In George Bush’s United States 47 million people have no health insurance. In George Bush’s United States 9 million children have no health insurance. Thanks to the creation of Tier 4, we will soon have a new class of citizen. It will comprise people who have insurance but are unable to pay for the drugs needed to keep them in or restore them to, good health. In a few years we will know how many people are members of their class. They will join the uninsureds as statistics.


Discuss this column

  1. First of all, great article enjoyed reading it. Love the pictures also. Black and white always gets to me.
    Secondly, coming from Canada, I’m a bit put off by US politics and the fine print thereof. I usually drop the names and stick with the rest of the story so you’ll rarely hear me passing a judgment on a US politician – I barely know them and honestly, I don’t care. Hopefully my comments don’t suffer too much because of it, although I’m thinking this is rather another vantage point.
    However being your northern neighbor, the bigger picture does in fact interest me a lot. And in your case it’s the incapacity for the US to get rid of those modern day health Shylocks. They seem to be preparing the same thing for us too.
    Often dismissed as “part of the way the economy works”, healthcare when left to those who care more for the health of their portfolios has the karma of a self-engulfing black hole. A never ending spiral of profits for the investors at the expense of the sick.
    I think the only way to come to terms with the problem is to come to admit that no philosophy is absolute, that pure capitalism can’t work.
    In this regard, all I’ve seen as of late coming from the US is a series of side-steps to prevaricate around the bush (so to speak). The system is broken and in a state of disrepair but no one wants to admit it so no steps are taken to fix it.

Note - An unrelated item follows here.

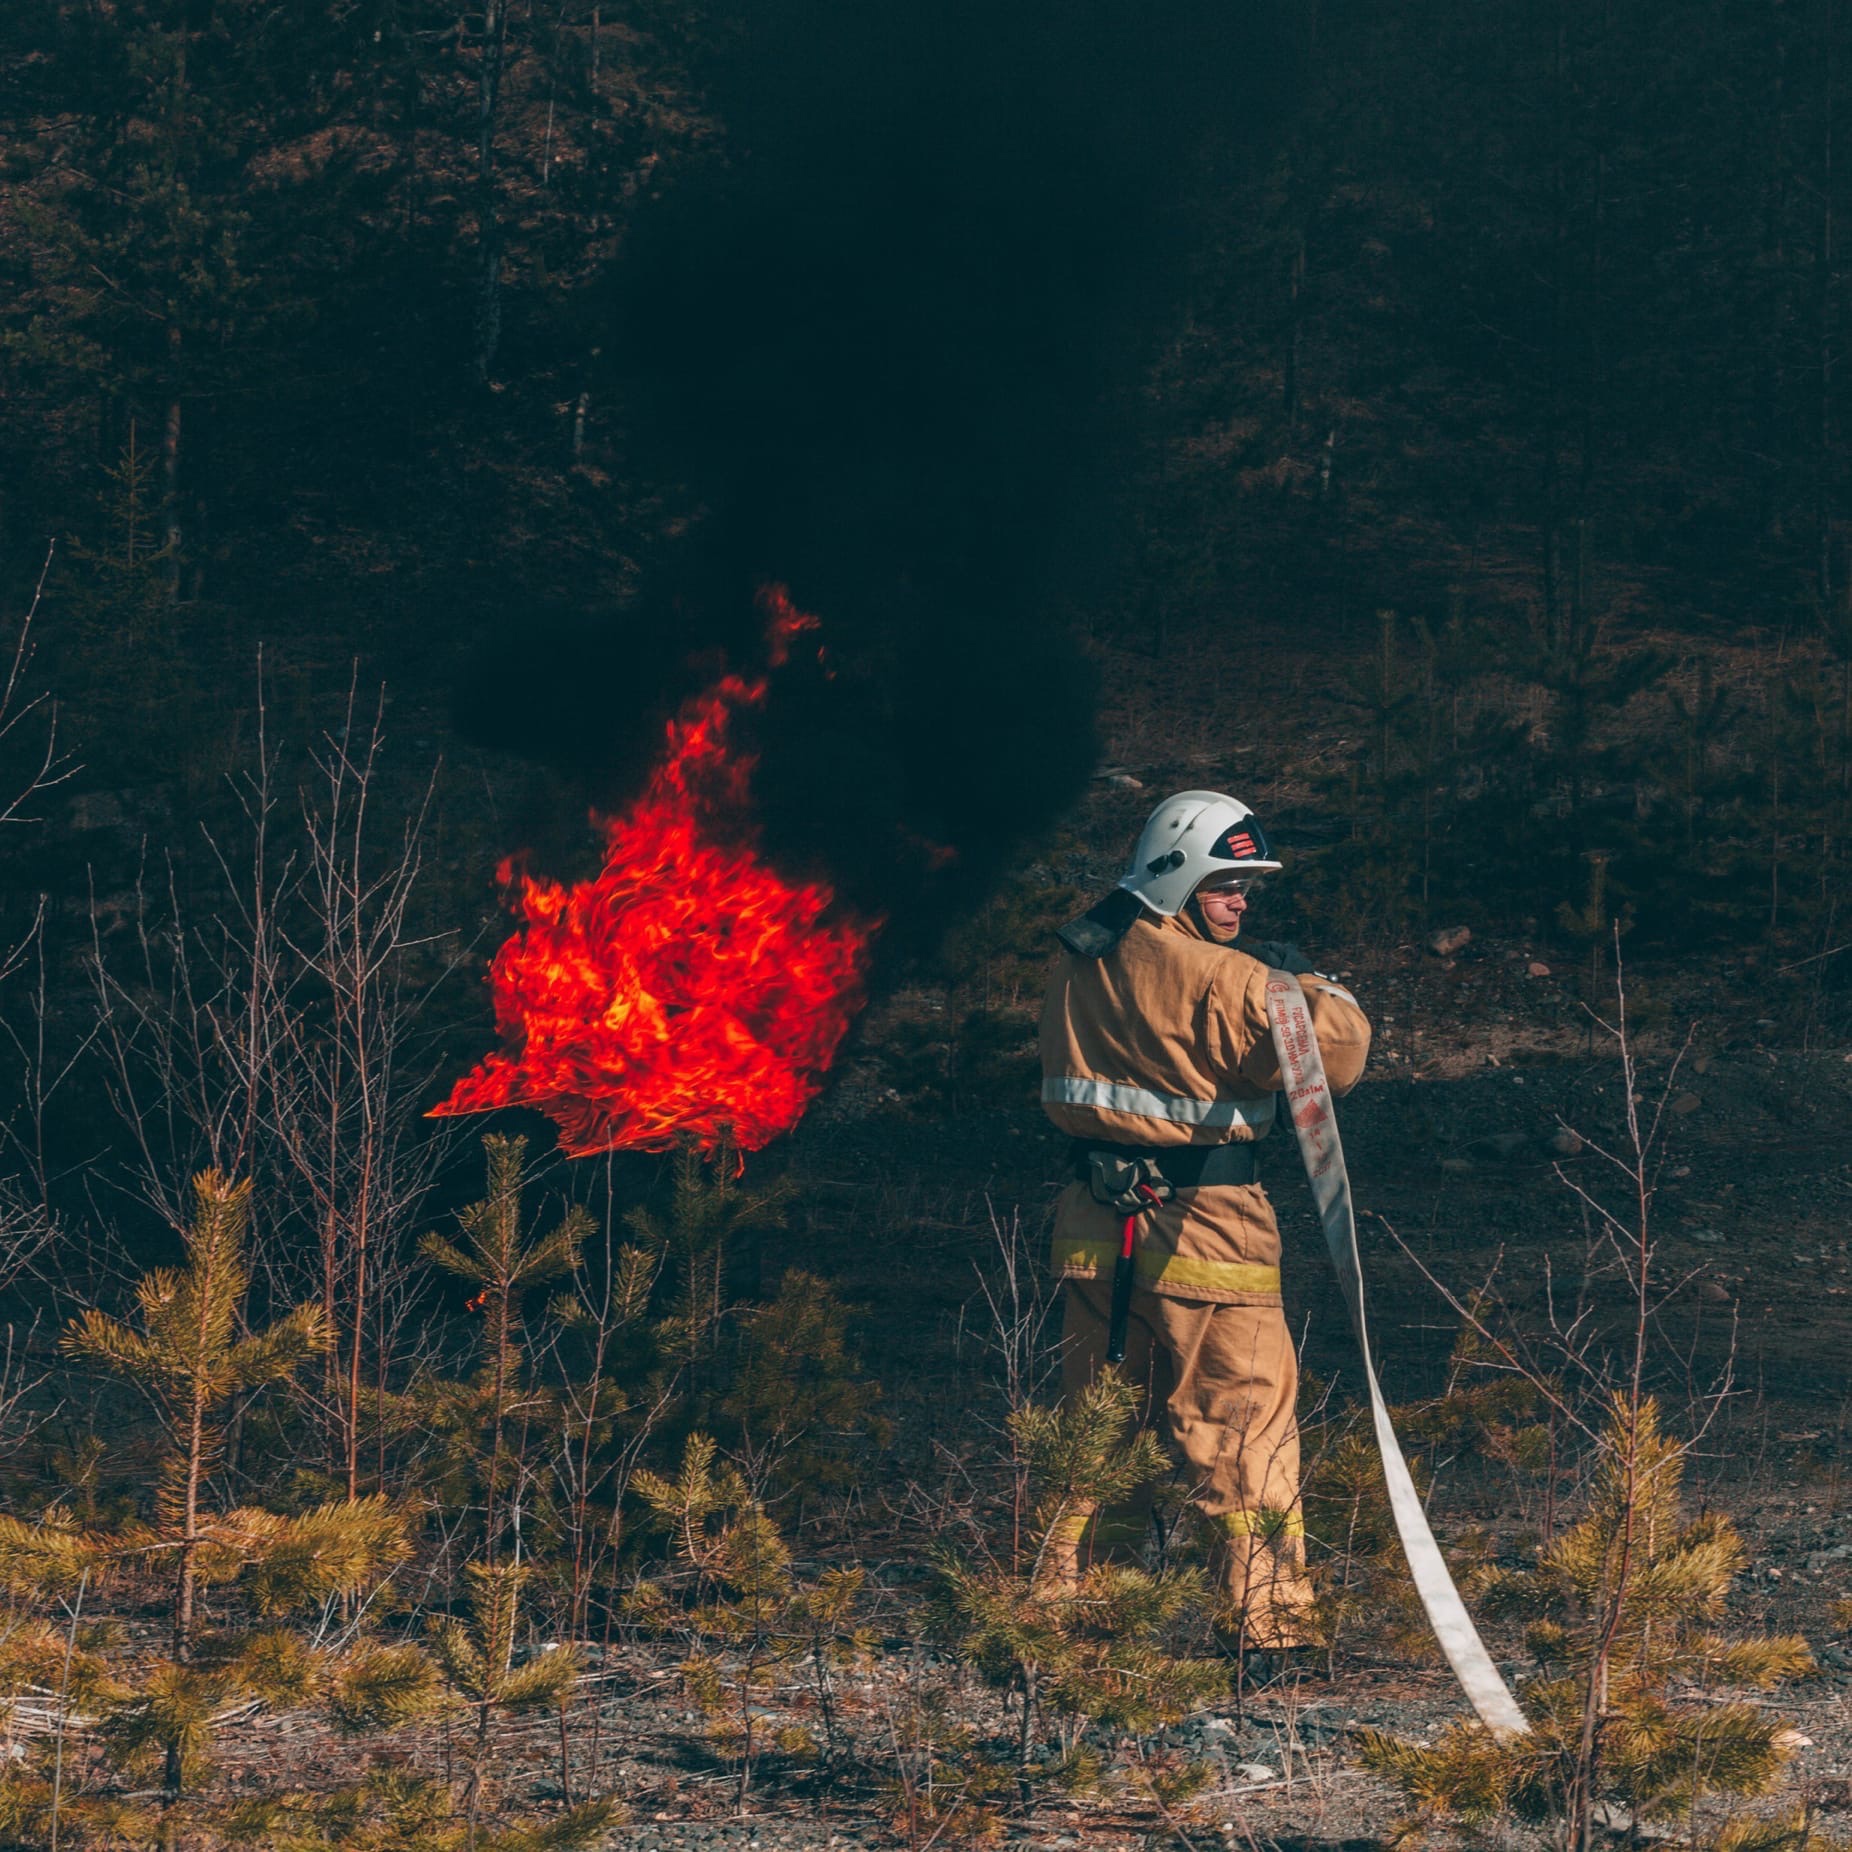 Asetuksen voimassaolon aikana on kielletty nuotioiden teko metsissä. Kuva: Karjalan luonnonvarain- ja ympäristöministeriön VKontakte-sivu

    My other point of view is that insurance has a strong role to play in the actual problem. As I see it, most health execs (oxymoron?) can turn around and tell people who find the price of healthcare out of control to just go and get insurance. I’m willing to bet what people are paying for their insurance today is what it would have cost them for their full Medicare bill 20 years ago. And arguably insurance is what keeps the price of healthcare in the US high. So I say why spend money on insurance schemes when you can put it in a working healthcare system? Naaaa… it would be a sign that the system doesn’t work as advertised and that’s a no-no.

    There is also another take on this. What if, in the end, health insurance is just a surcharge, since in the end, the money is coming from public funds and the sick who have to pay? Why pay a private, for profit corporation to smooth out the discrepancies (and doing a lousy job of it also!) while taking a nice chunk in return? Well this would mean that for years the US public was conned or at least coerced and that is too much to admit, I guess.

    Mind you, I shouldn’t be talking too much – the current load of leaders in Canada look like they’d love to get their fingers into the healthcare cookie jar also.